CD Projekt RED, the studio behind the acclaimed Witcher series, aims for success in the long term.

The modern day gaming industry is pretty fast-paced, perhaps too much so at times. With things like annual sequels becoming a norm, many publishers have made present day profits their primary concern, leaving some to wonder if current models for success can be maintained into the future. Comparatively CD Projekt RED, the studio behind the acclaimed Witcher series, has arguably been defined by a history of slow and steady growth dating back to its inception in the 1990s.

"I started [CD Projekt RED] in '94, right out of high school," said company co-founder Marcin Iwinski. "From the very beginning we wanted to make games. But we were realists. So the first thing was, "Can we really make it happen? Can we make a project [an RPG] of the scope you're dreaming about?" Achieving the company's goals would be an effort spanning the space of years. "We started a games distribution business in Poland... And at a certain point, all of the money that was coming from the distribution business, we were basically putting into development. It's a really long way, if you look at it, to where we are today." A lengthy path that allowed the developer to finance much of The Witcher 1 on its own, and then pay for all of The Witcher 2's development costs. "Whenever we made this money, we fully reinvested to production," said Iwinski.
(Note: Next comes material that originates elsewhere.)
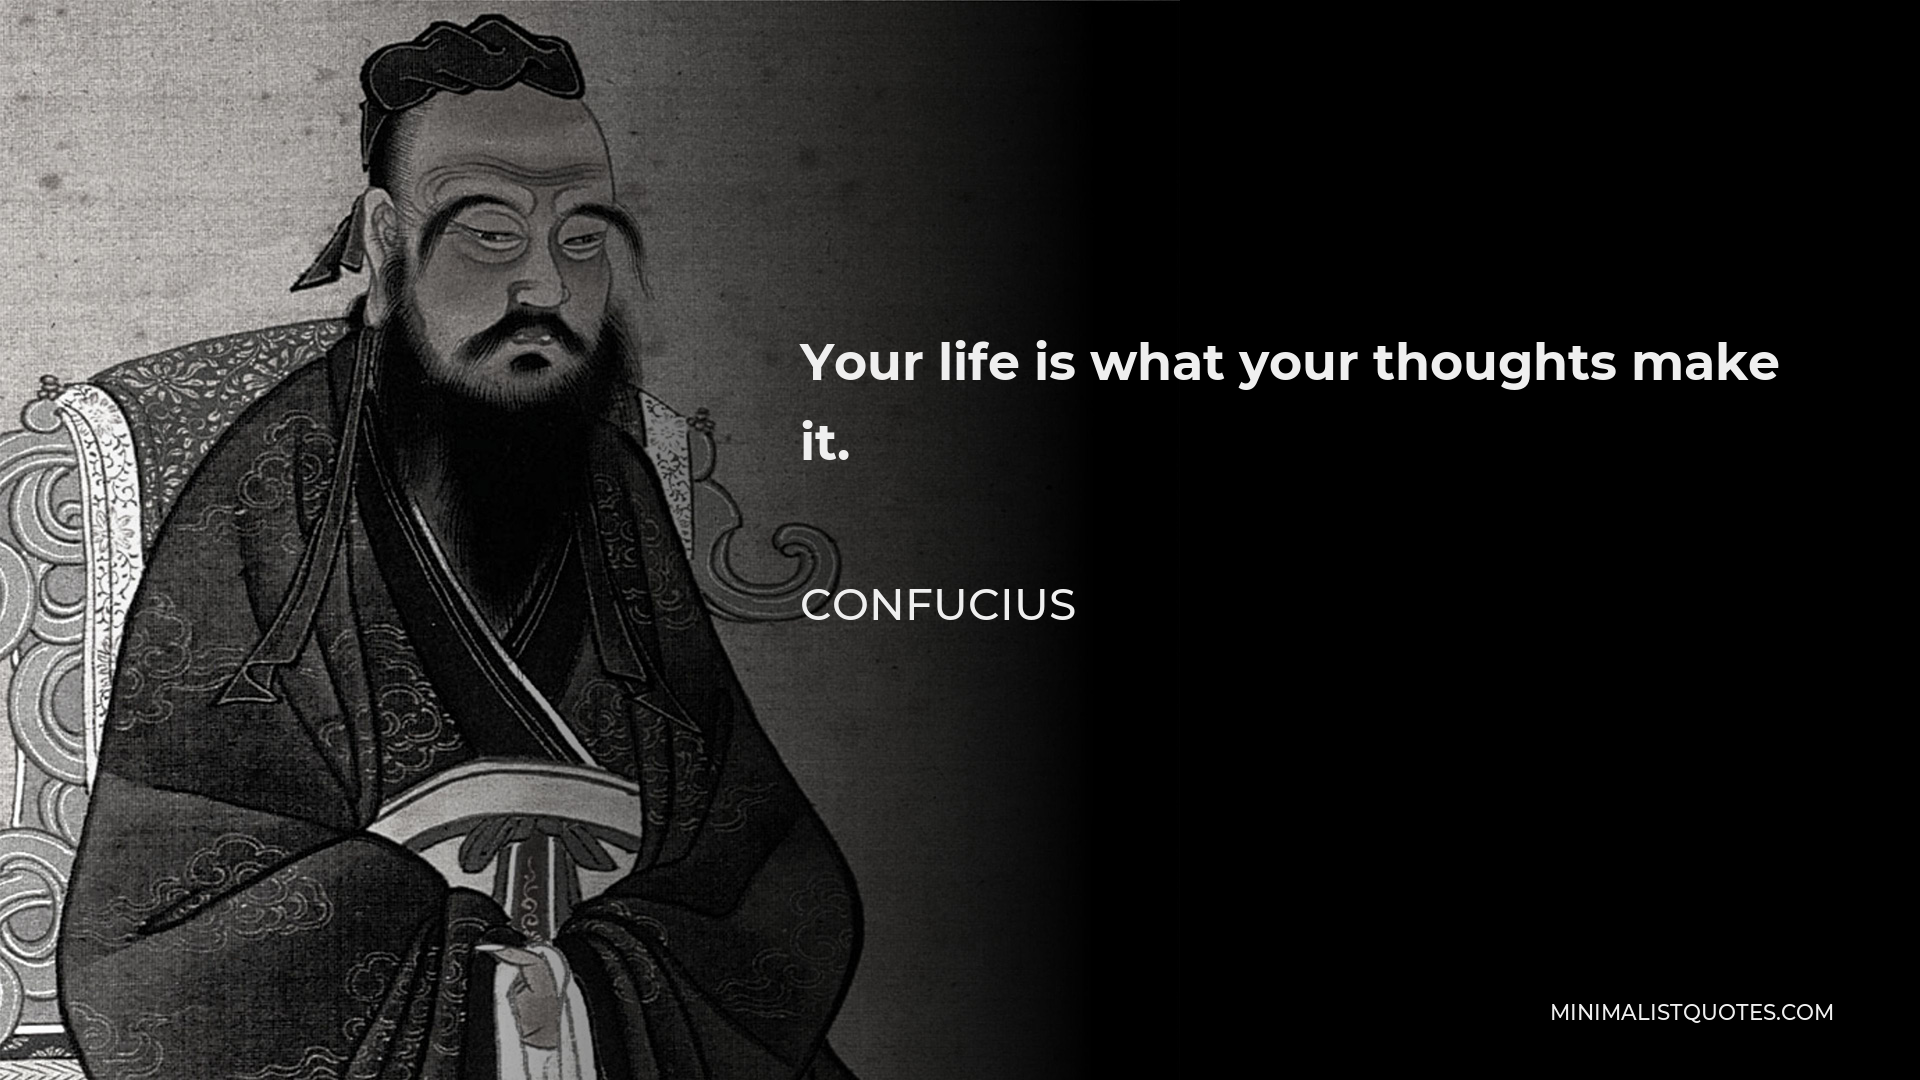 Confucius Quote - Your life is what your thoughts make it.
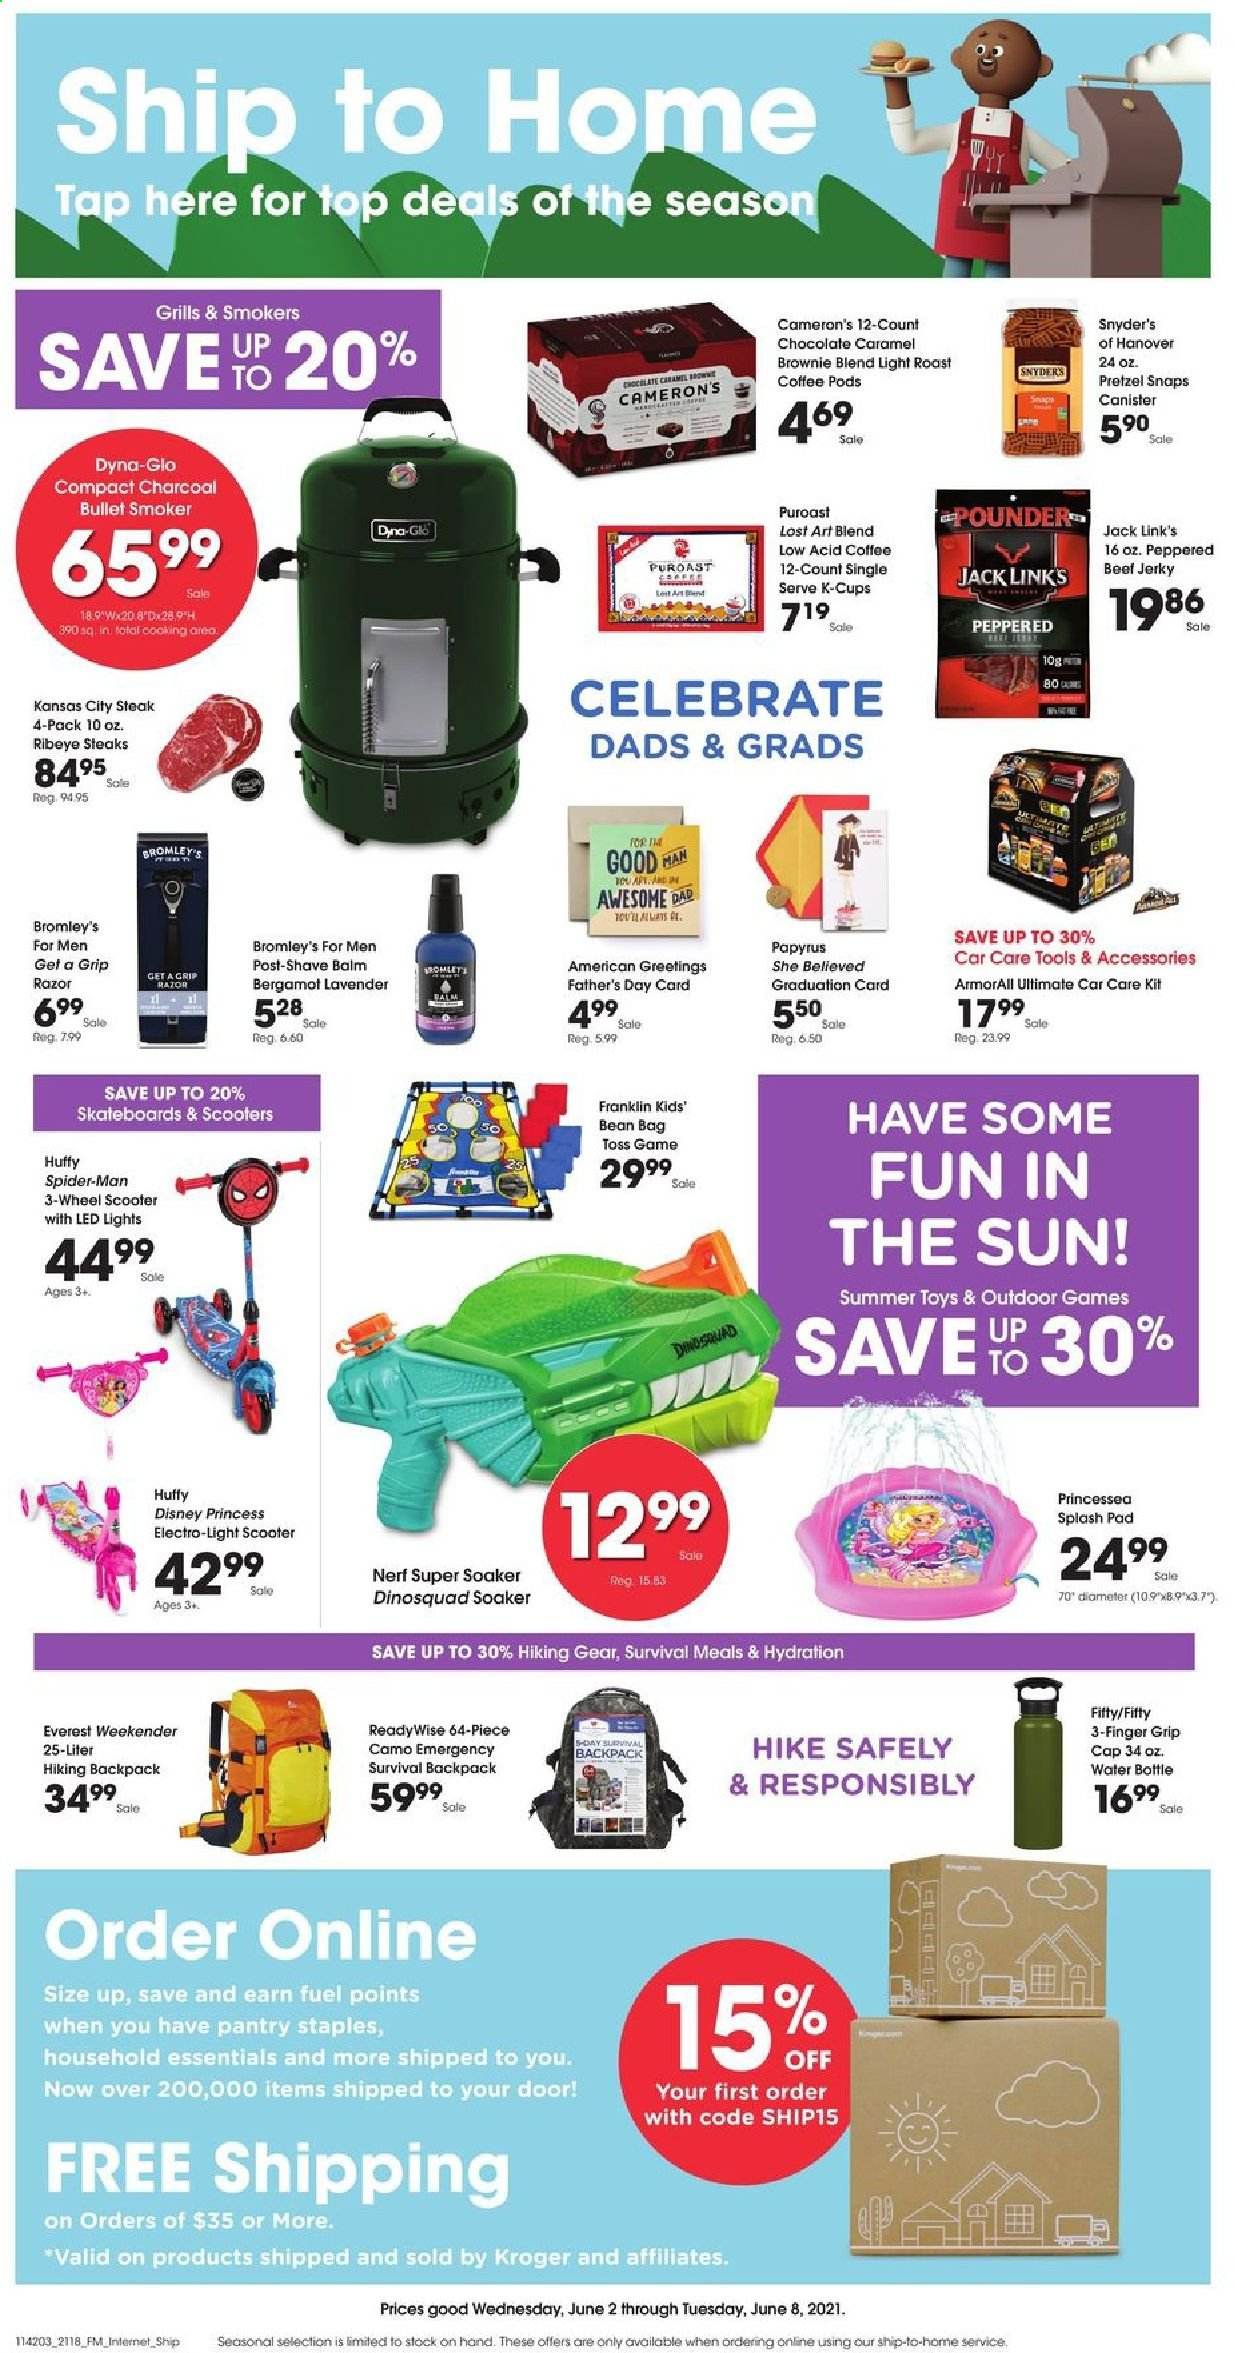 thumbnail - King Soopers Flyer - 06/02/2021 - 06/08/2021 - Sales products - bean bag, tools & accessories, pretzels, brownies, beef jerky, jerky, chocolate, Jack Link's, caramel, coffee pods, coffee capsules, K-Cups, beef meat, steak, ribeye steak, Disney, razor, canister, drink bottle, Nerf, cap, backpack, skateboard, Toss game, soaker, princess, LED light, charcoal, smoker. Page 1.

The company's slow crawl to its present position, in turn, helped it to foster a long term view of profitability. "For a lot of companies, from a short-term business perspective, the famous hit-and-run strategy, there are still a lot of people applying this. And sometimes it works," he said. "I just don't think it's [the way we should run our business]. So we are really deliberately choosing what we want to do, and we will do it for as long as we are happy with the effect." Contrary as CD Projekt RED's philosophy may be to the "hit-and-run" strategies of other industry entities, it's an approach that seems to be working. The Witcher 2 is one the most widely acclaimed RPGs to come out in recent years and excitement is already building for its follow-up, The Witcher 3: Wild Hunt.